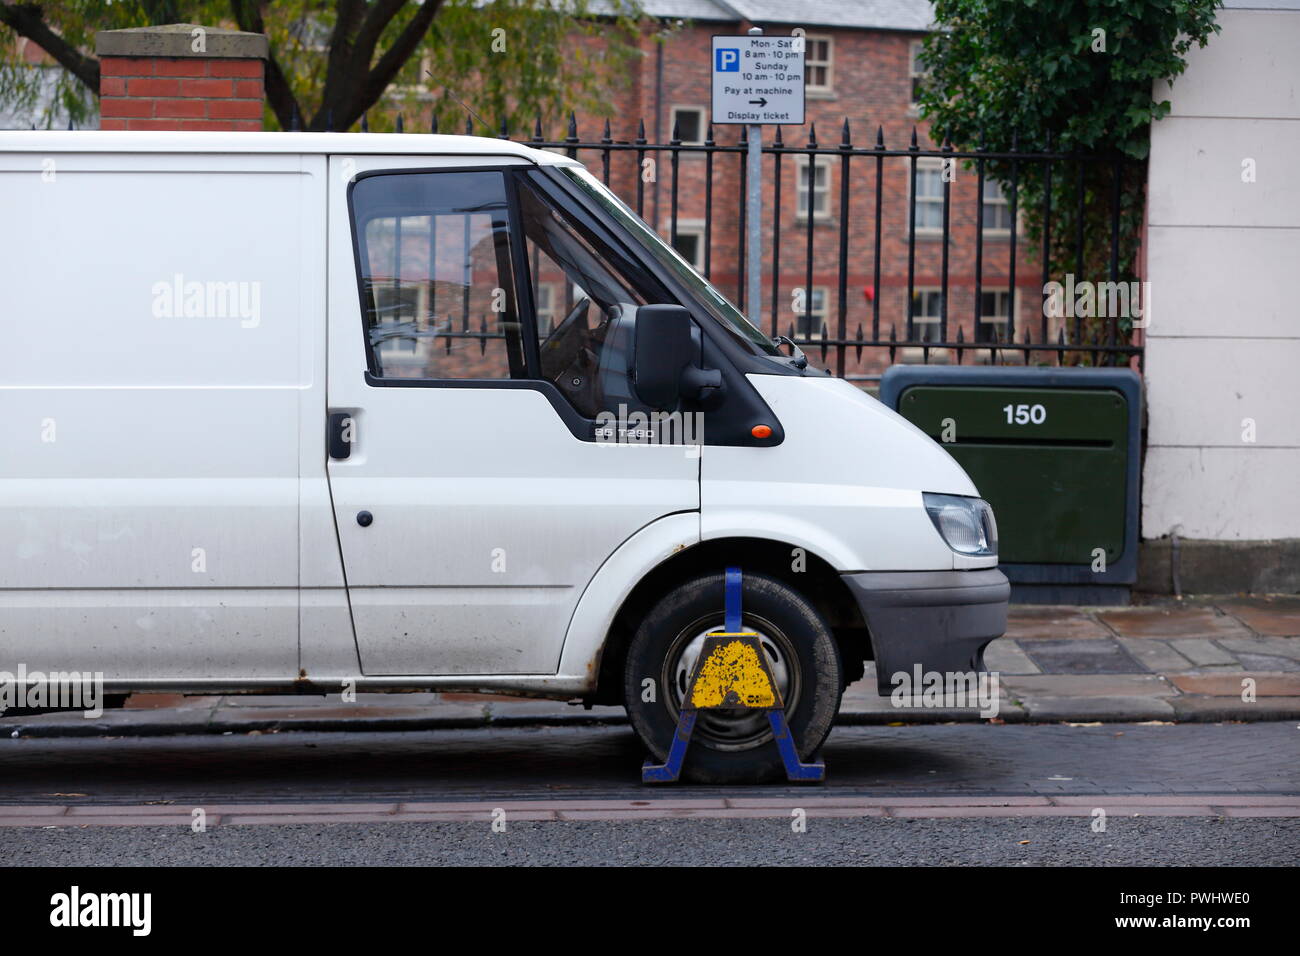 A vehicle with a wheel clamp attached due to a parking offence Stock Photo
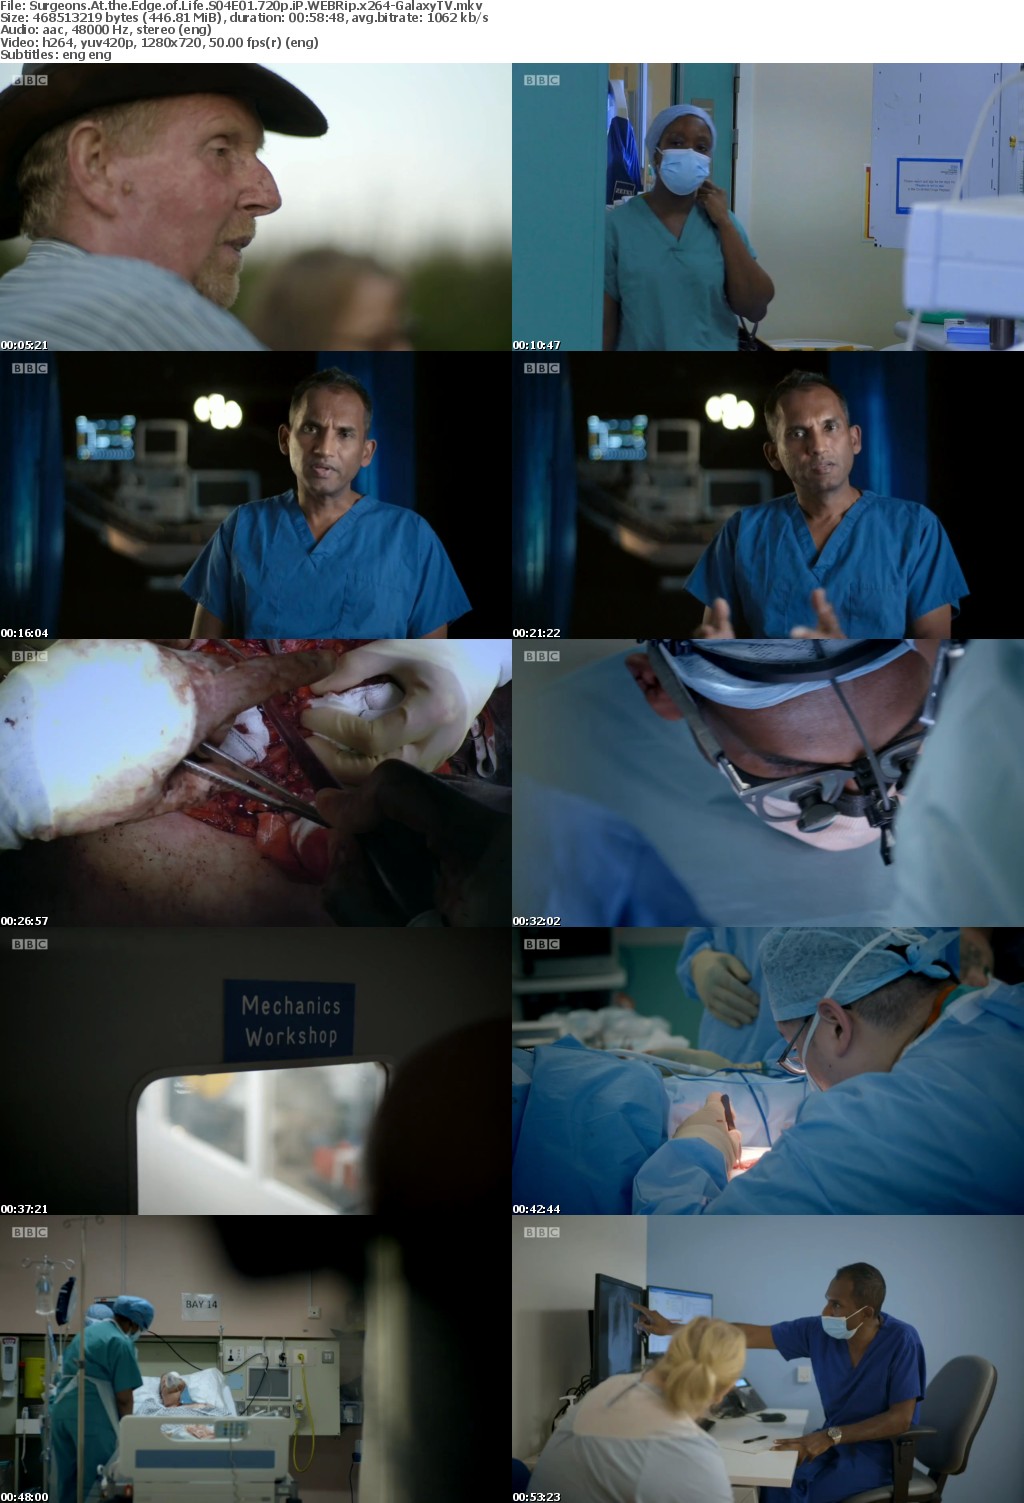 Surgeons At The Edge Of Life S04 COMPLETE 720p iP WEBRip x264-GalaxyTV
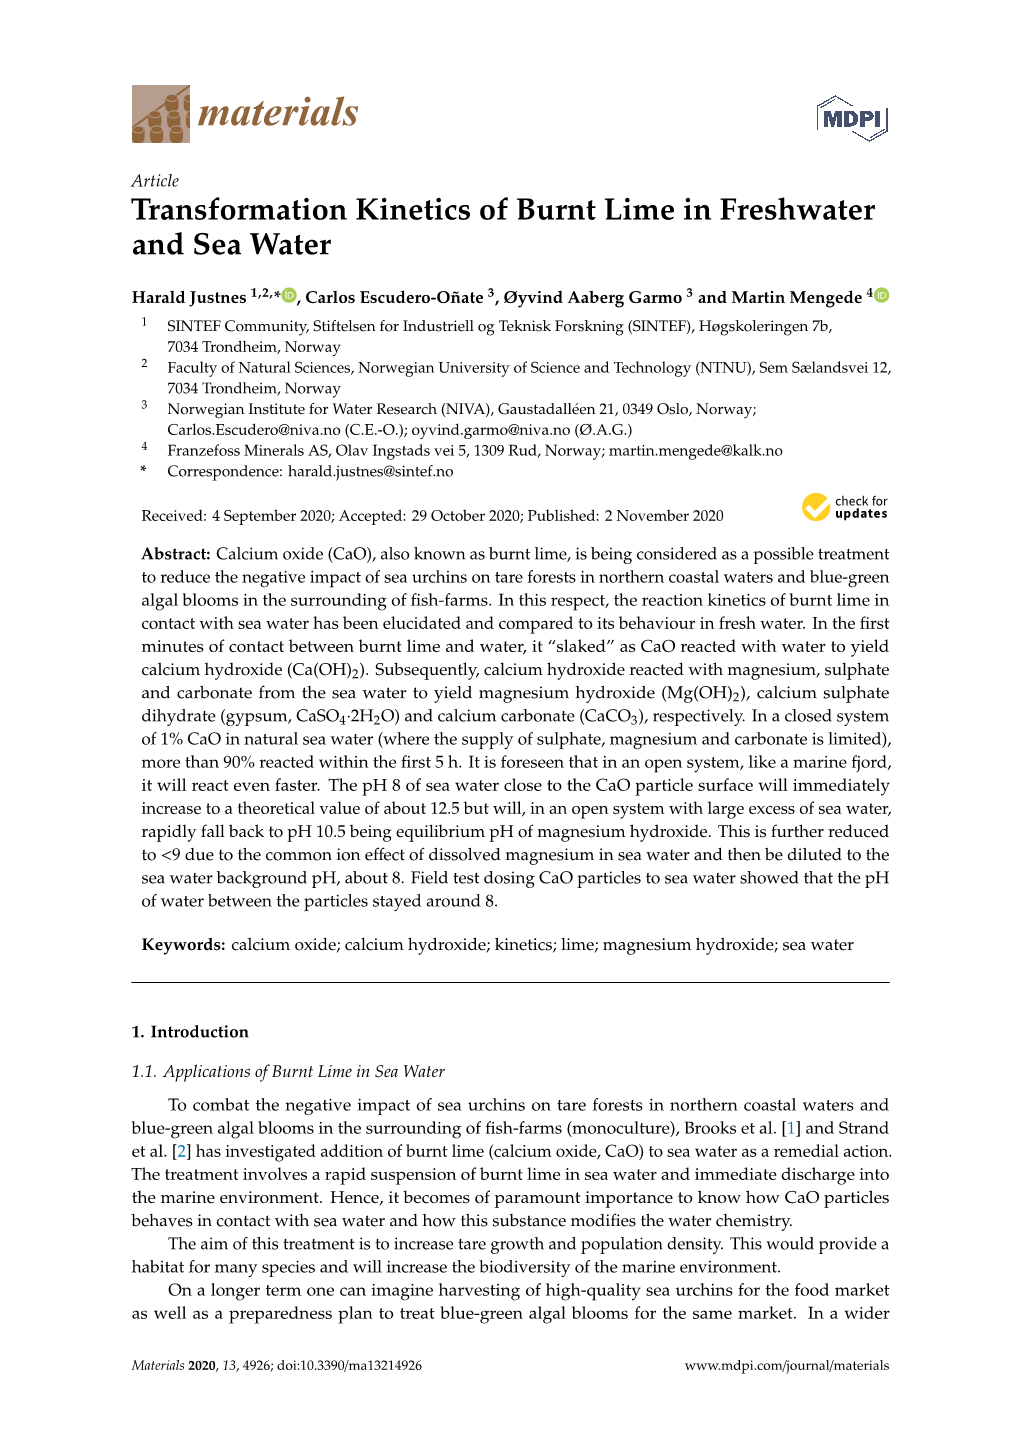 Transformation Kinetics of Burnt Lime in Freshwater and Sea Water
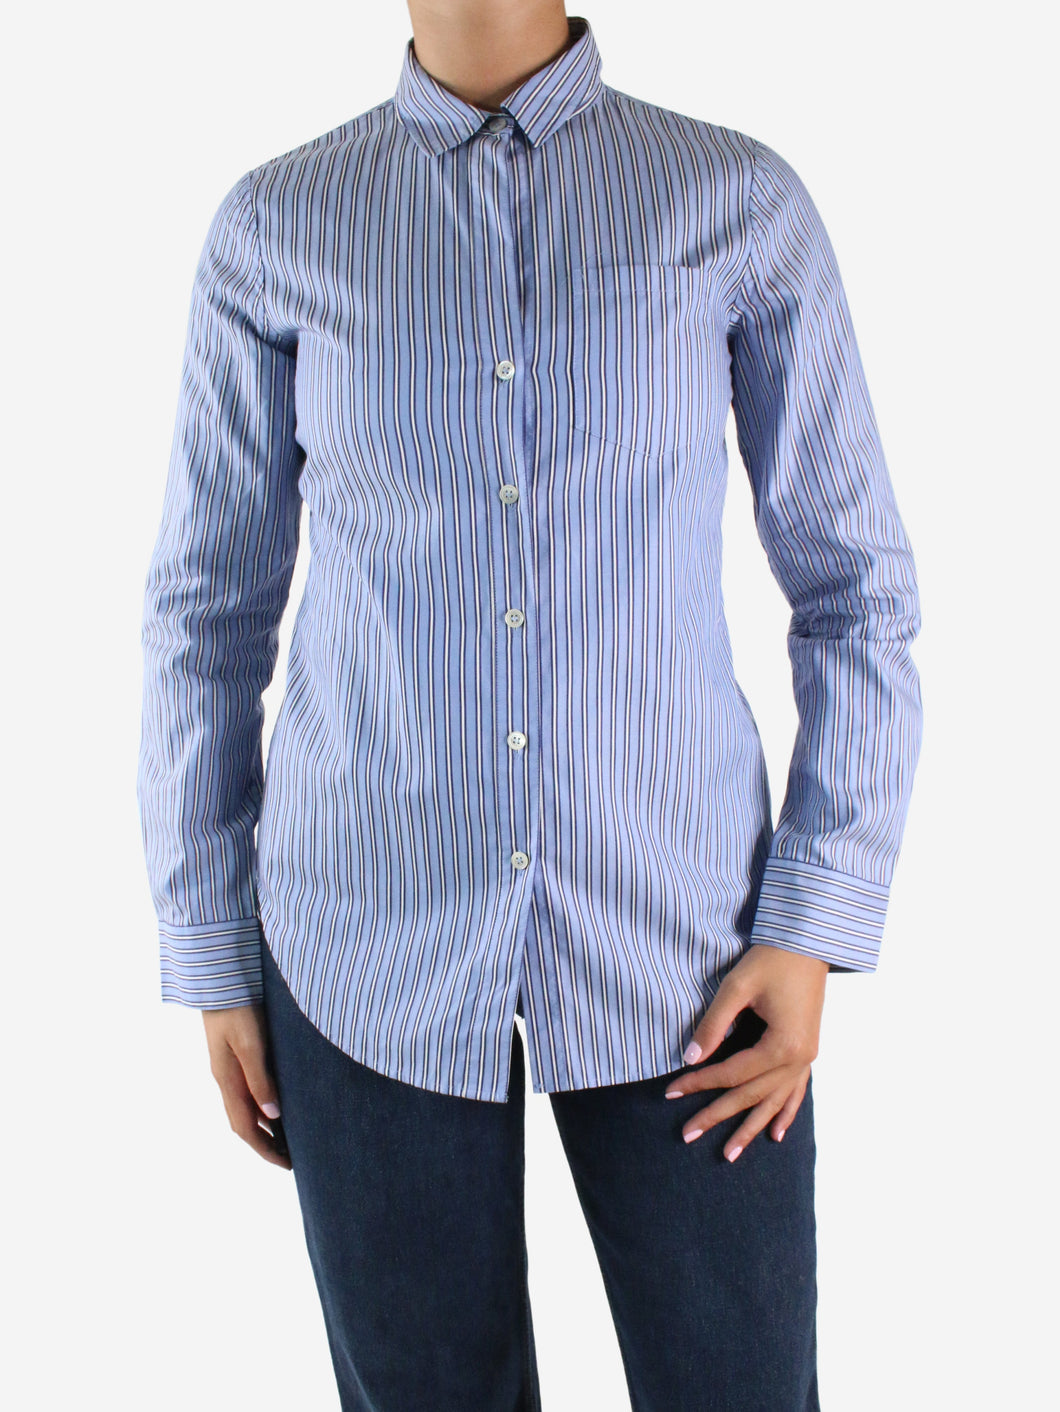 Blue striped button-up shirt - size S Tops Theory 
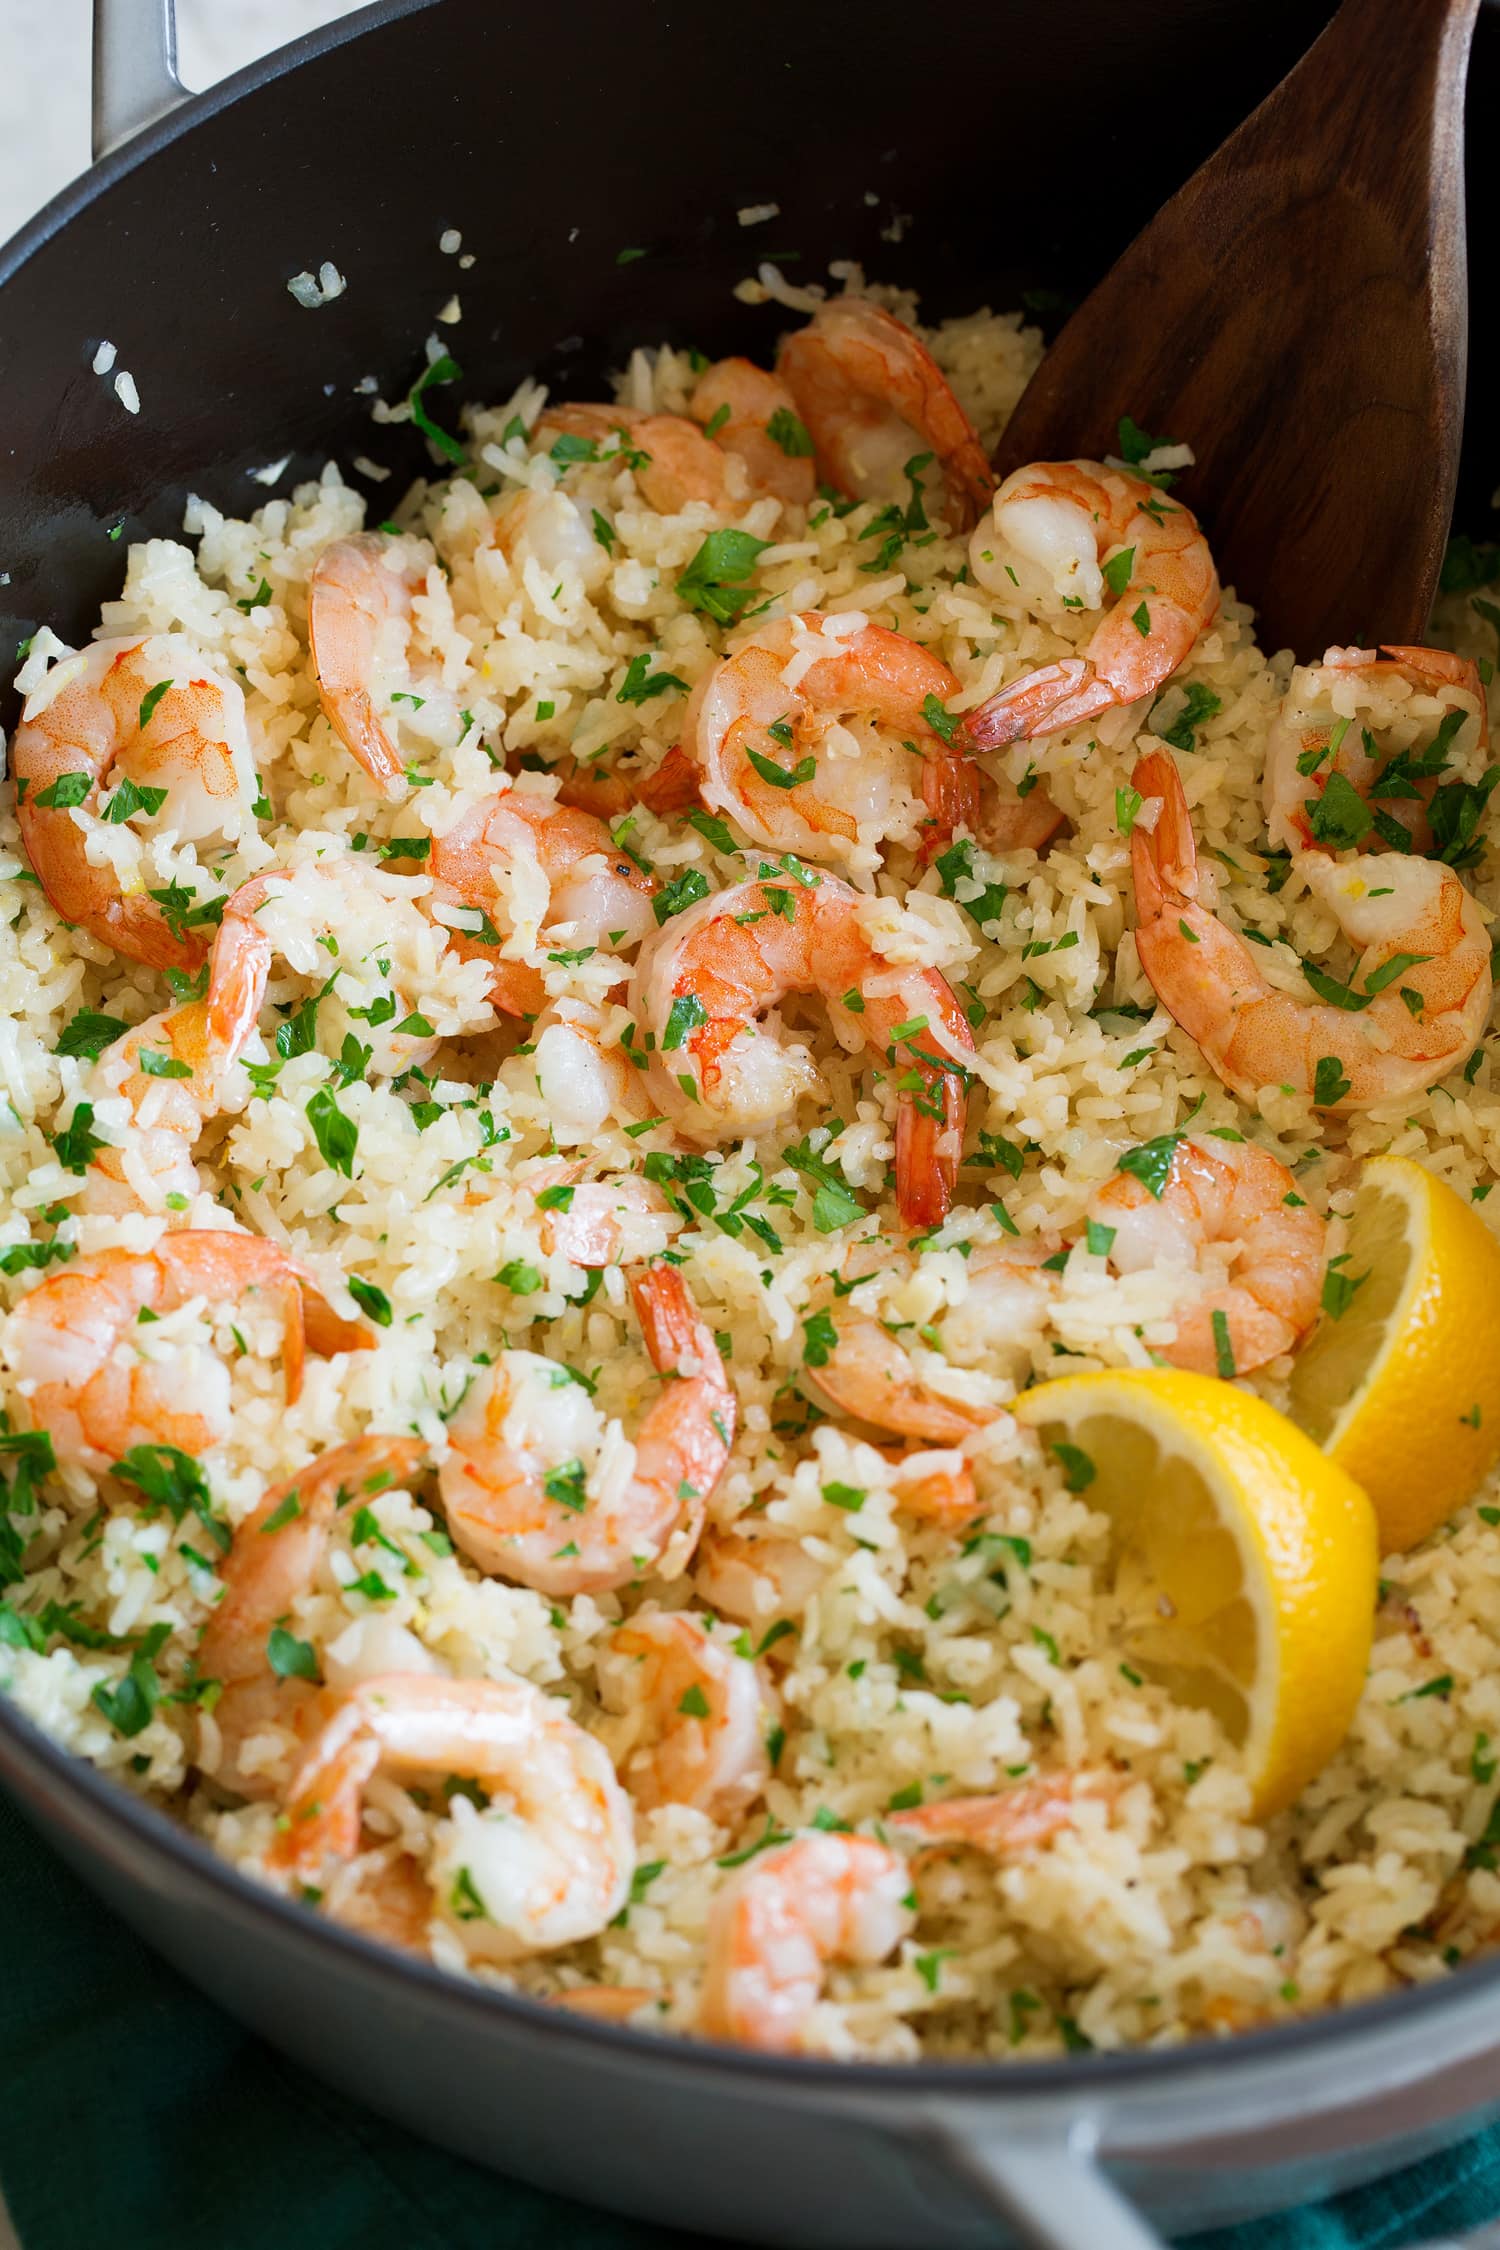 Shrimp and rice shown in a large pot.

> What to produce:
Your copy should hold exactly the lines from the line containing "Transformation Kinetics of" through the last line of the listing above, both included, and no pictures.

> Written solution:
 Transformation Kinetics of Burnt Lime in Freshwater and Sea Water
 Blue striped button-up shirt - size S Tops Theory 
 Shrimp and rice shown in a large pot.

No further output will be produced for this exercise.